Finding addresses became a major project requiring all my investigative-journalism skills, since I wanted to avoid asking people directly. I did internet searches, hunted through social-media channels for ancient dinner invitations, drove past houses to get street addresses, checked out entry panels for apartment numbers, looked on Google Maps. In extreme cases, I paid the $10 fee to search their names on the government’s land-titles site.

Then I needed to find just the right cards – not some cheesy dollar-store boxes. No, they had to be original, something that conveyed the essence of me and/or the West Coast. As well, because I have a lot of Jewish friends (a couple of stints on a kibbutz in Israel has left me a legacy of a wide network of them in the U.S.) and for the non-Christians and co-atheists, I needed a wide selection ranging from traditionally Christian to cards with nothing but embossed snowflakes or Christmas fishes (see above pic). So I’ve been discovering the city anew by checking out various shops – which, because they’re small and arty, usually have no one in them but me, so safe!

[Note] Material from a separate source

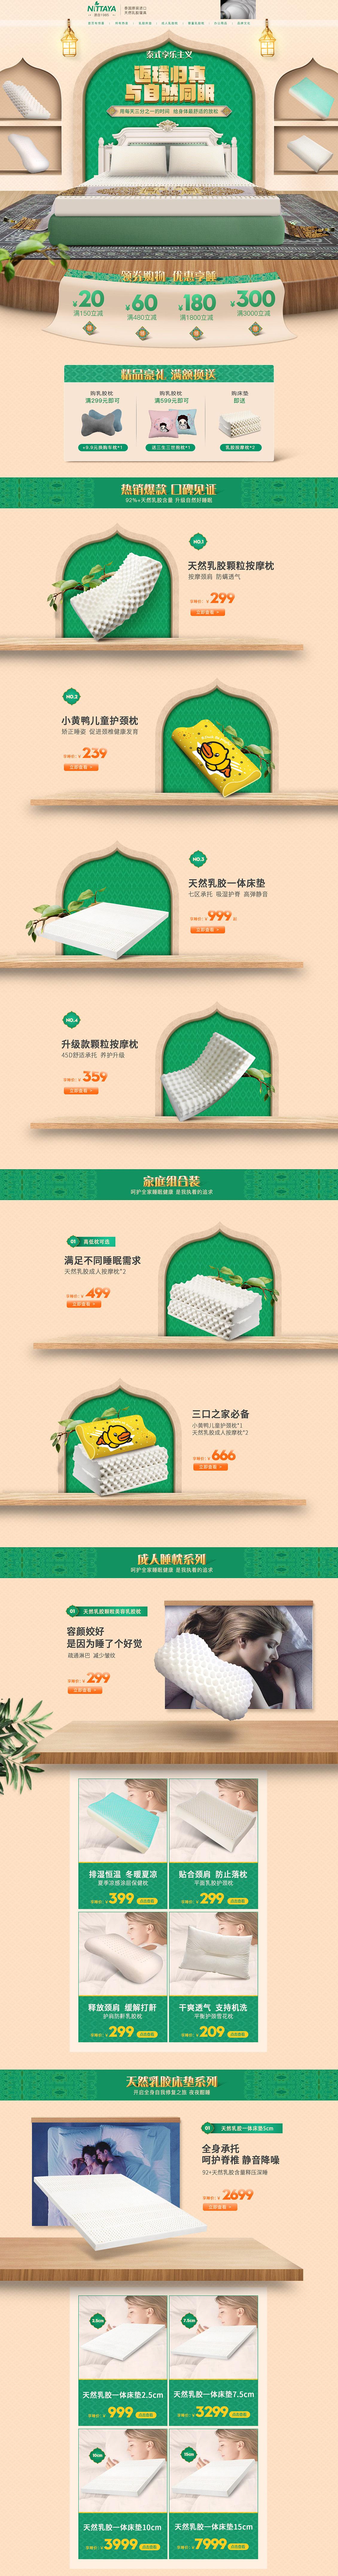 NITTAYA 乳胶枕头 家居用品 年货节 新年 天猫首页网页设计

And, finally, the stamps. As with so much else in the pandemic, what should have been a relatively simple task turned out, again, to require cunning or patience. It appears many others have had the same impulse as me. So there are lineups at every post office, even in supposedly empty neighbourhoods. And the offices are selling out of stamps. Not just Christmas stamps. All stamps.

And why am I doing it? Why not just an email? Or phone? I ask myself that. Is it just that, since we’re reliving the 1950s anyway these days (all meals at home on a menu in rotation, evenings spent playing board and card games, travel restricted to camping locally), why not throw this in too?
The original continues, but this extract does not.